Problem description>
Except for images, print the whole listing verbatim.
--- Raw data Enclosed Below ---
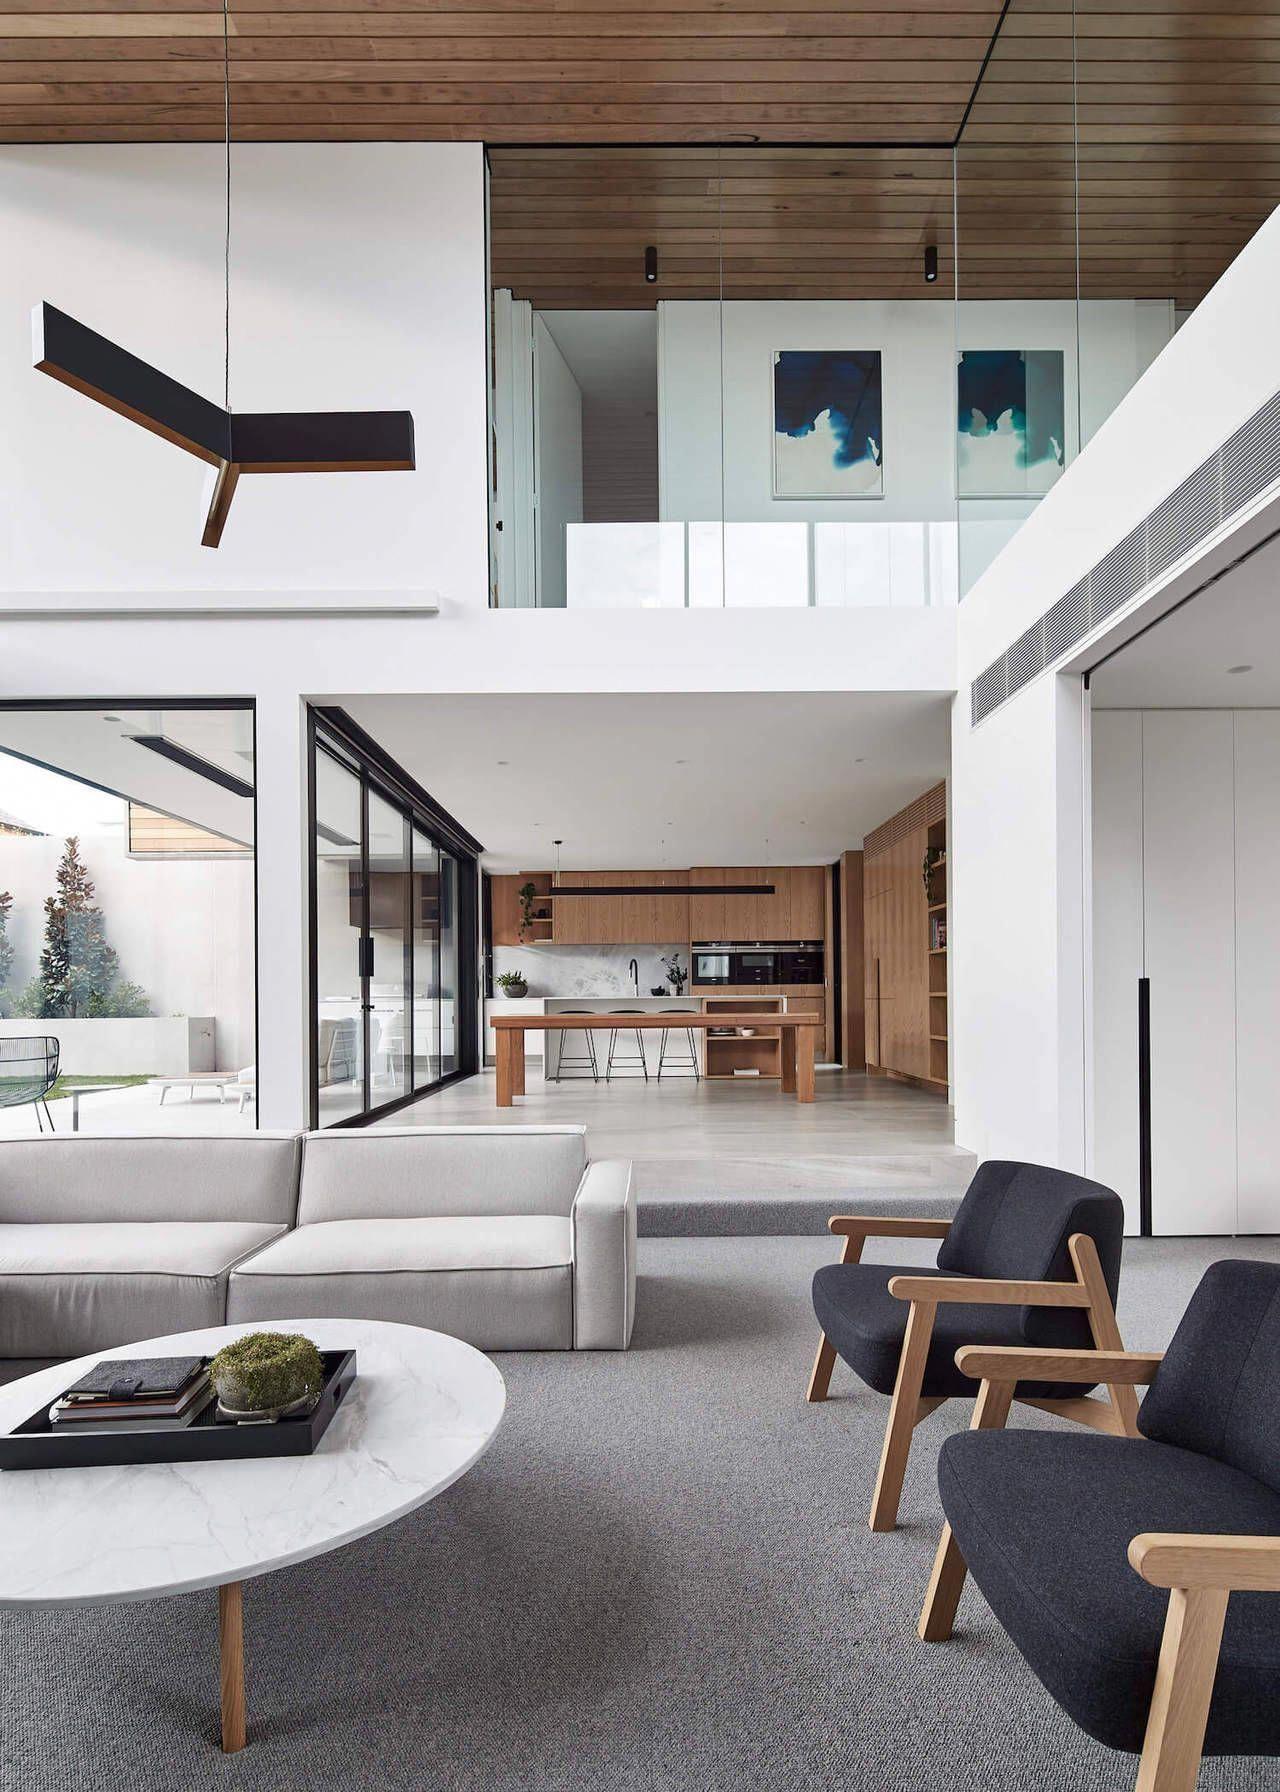 Arredamenti Interni Case Moderne luxury houses #homedecor #interiordesign #artdeco
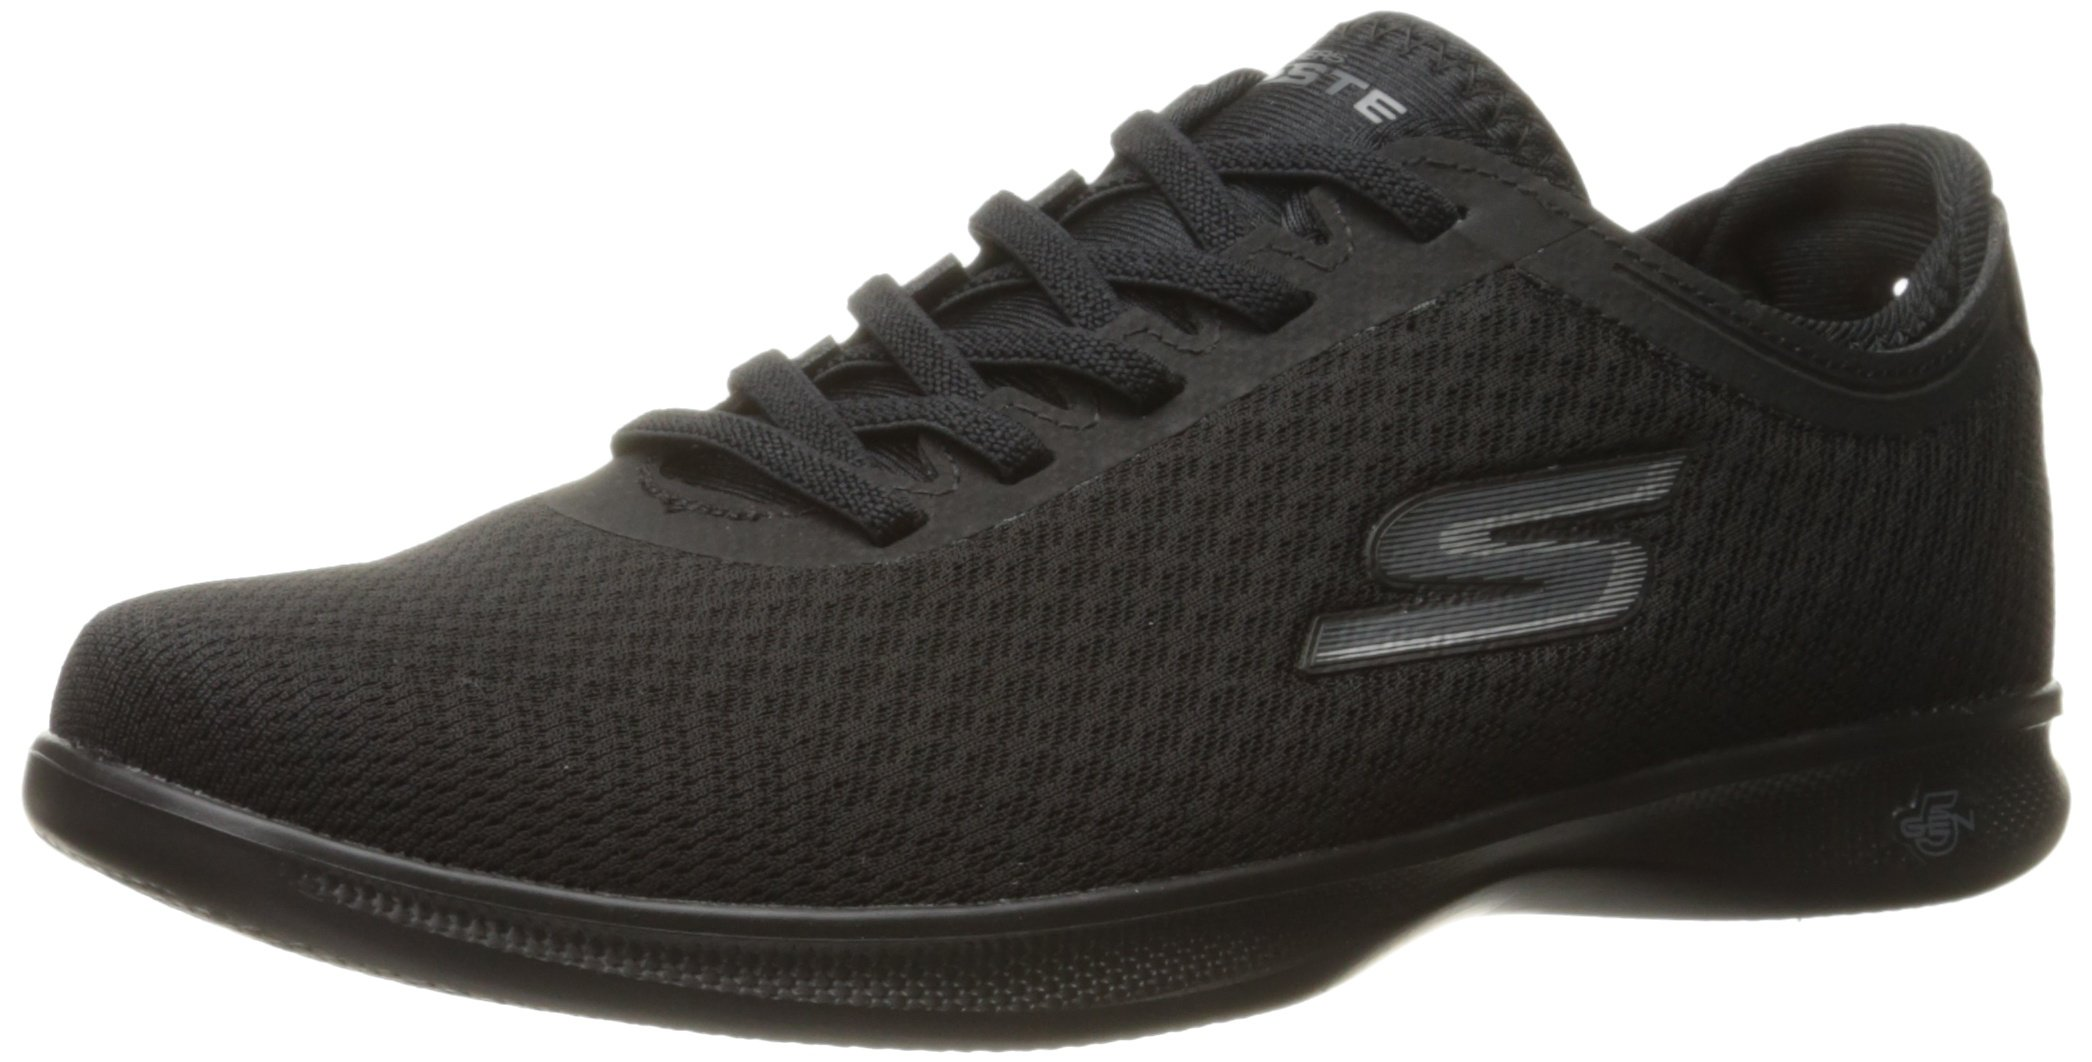 Skechers Performance Women's Go Step Lite-Dashing Walking Shoe, Black Mesh, 9.5 W US
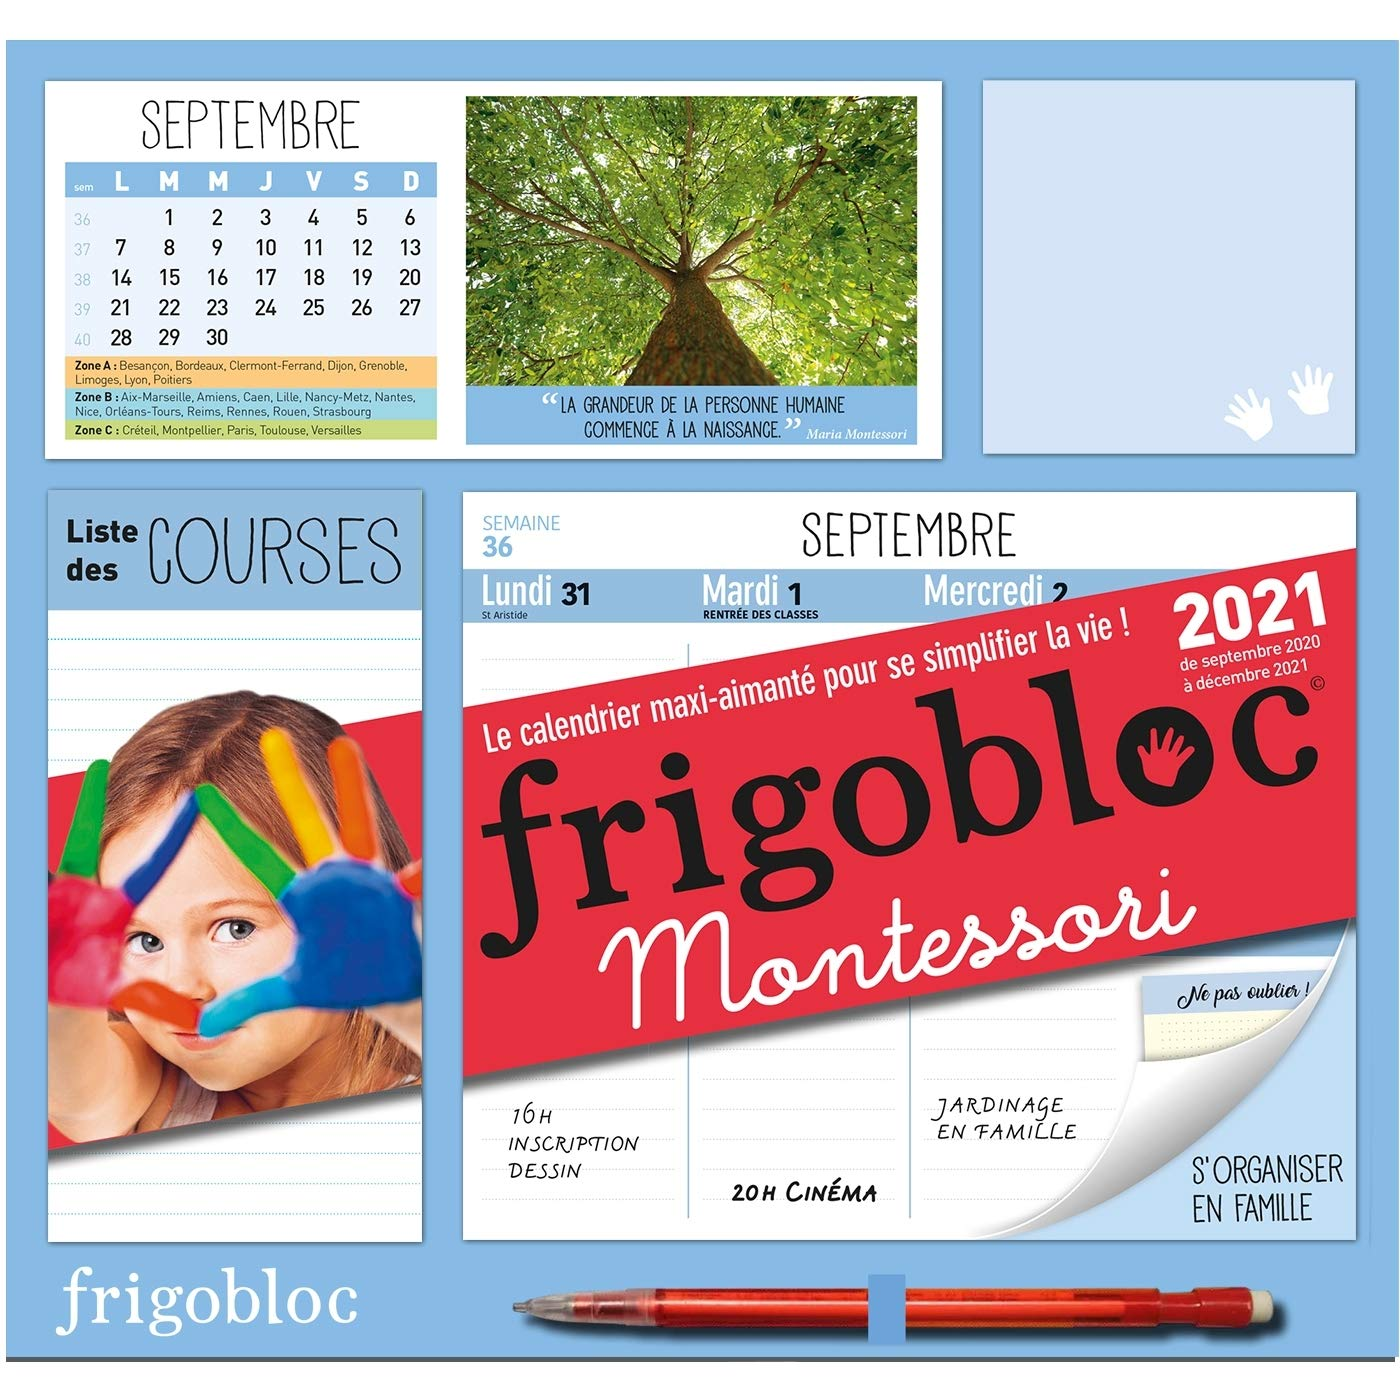 Frigobloc Montessori 2021   Calendrier d'organisation familiale
--- End of Enclosed Raw data ---
Solved exercise>
 Arredamenti Interni Case Moderne luxury houses #homedecor #interiordesign #artdeco
 Skechers Performance Women's Go Step Lite-Dashing Walking Shoe, Black Mesh, 9.5 W US
 Frigobloc Montessori 2021   Calendrier d'organisation familiale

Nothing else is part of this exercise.